Hari-Hari yang Panjang
Musim berganti. Jakarta tak pernah berhenti berisik. Tapi Arka tetap duduk. Ia menulis catatan kecil setiap malam di buku sketsanya: tentang orang-orang yang menyapanya, tentang harapan yang pelan-pelan menipis, dan tentang mimpi yang tetap ia genggam erat.
Beberapa wartawan lokal menulis kisahnya. Salah satu video tentangnya viral—judulnya "Lelaki yang Menunggu di Tengah Kota." Komentar mengalir deras: ada yang menyebutnya romantis, ada yang menyebutnya bodoh.
Tapi Arka tak peduli.
"Kenapa kamu nggak cari dia ke tempat lain?" tanya seorang perempuan paruh baya, pedagang bunga di dekat situ.
"Karena kalau dia pun sedang mencariku… dia pasti ke sini. Bukan ke tempat lain," jawab Arka.
Dan setiap hari, dia menatap trotoar itu, berharap ada sepasang kaki kecil yang berlari ke arahnya, dengan suara yang ia rindukan berkata: “Aku kembali.”
Pertemuan
Hari itu, langit Jakarta berwarna jingga keemasan. Arka hampir tertidur di bangku, tubuhnya makin lelah. Tapi ketika ia membuka matanya, seorang wanita berdiri beberapa meter darinya.
Rambutnya lebih panjang, wajahnya tampak lebih dewasa, tapi matanya… mata itu sama.
Citra.
Mereka saling menatap dalam diam. Lalu Citra melangkah pelan, setiap langkahnya seperti membongkar dinding yang telah lama ia bangun.
“Aku pikir… kamu nggak akan benar-benar menunggu,” katanya lirih.

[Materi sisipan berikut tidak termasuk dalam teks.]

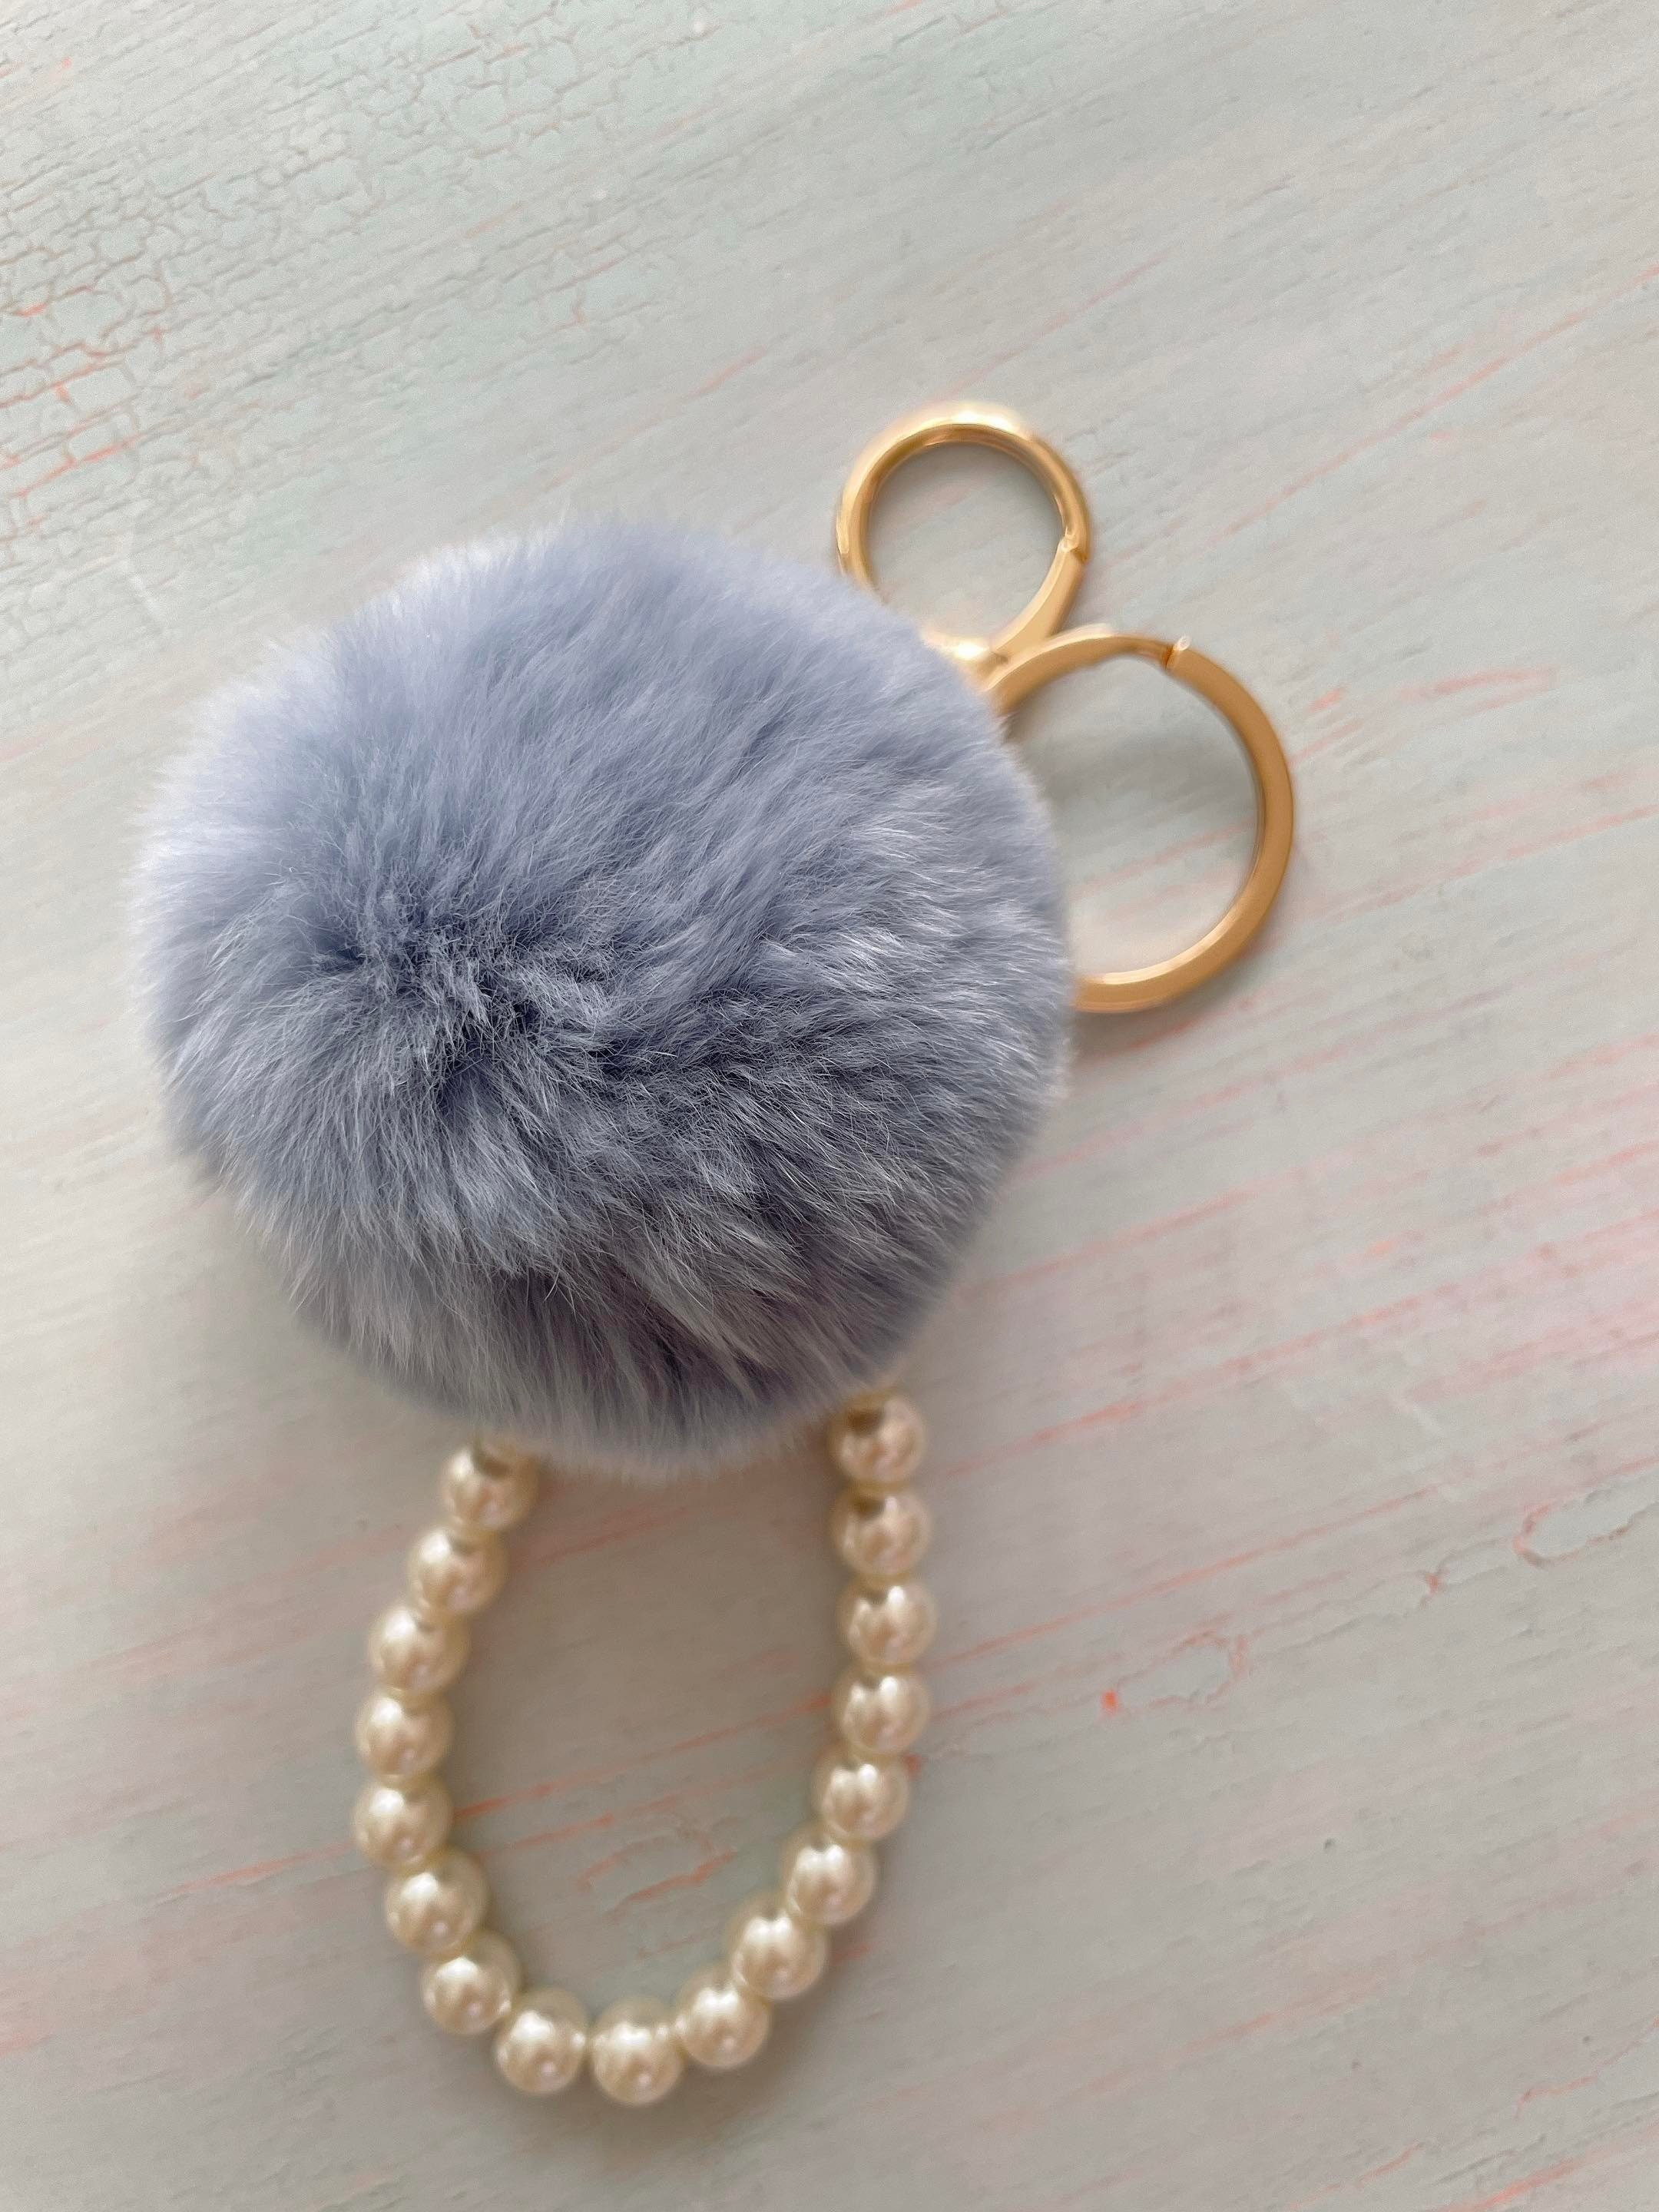 Fashion Pearl Chain Crystal Bow Pompom Keychain Car Women handbag Key Chain  Ring Fluffy Puff Ball Keychains Jewelry

Arka berdiri. Matanya berkaca-kaca. “Aku hampir pergi. Tapi aku tahu… kalau kamu mencintaiku, kamu pasti akan datang ke sini.”
Citra menunduk, menyeka air matanya. “Maaf, Arka. Aku harus pergi dulu, menyembuhkan luka yang bahkan aku sendiri nggak paham. Tapi aku nggak pernah lupa janji kita.”
Arka tersenyum. “Aku pun nggak ke mana-mana.”
Citra tertawa kecil, getir. “Gila kamu, ya.”
“Mungkin.”
Lalu mereka berpelukan. Di tengah keramaian kota, dua orang yang sempat hilang arah akhirnya kembali bertemu—bukan karena kebetulan, tapi karena mereka tak pernah benar-benar berhenti mencari.
Dan untuk pertama kalinya setelah sekian lama, Arka berdiri… dan berjalan menjauh dari tempat itu, tidak lagi sendirian.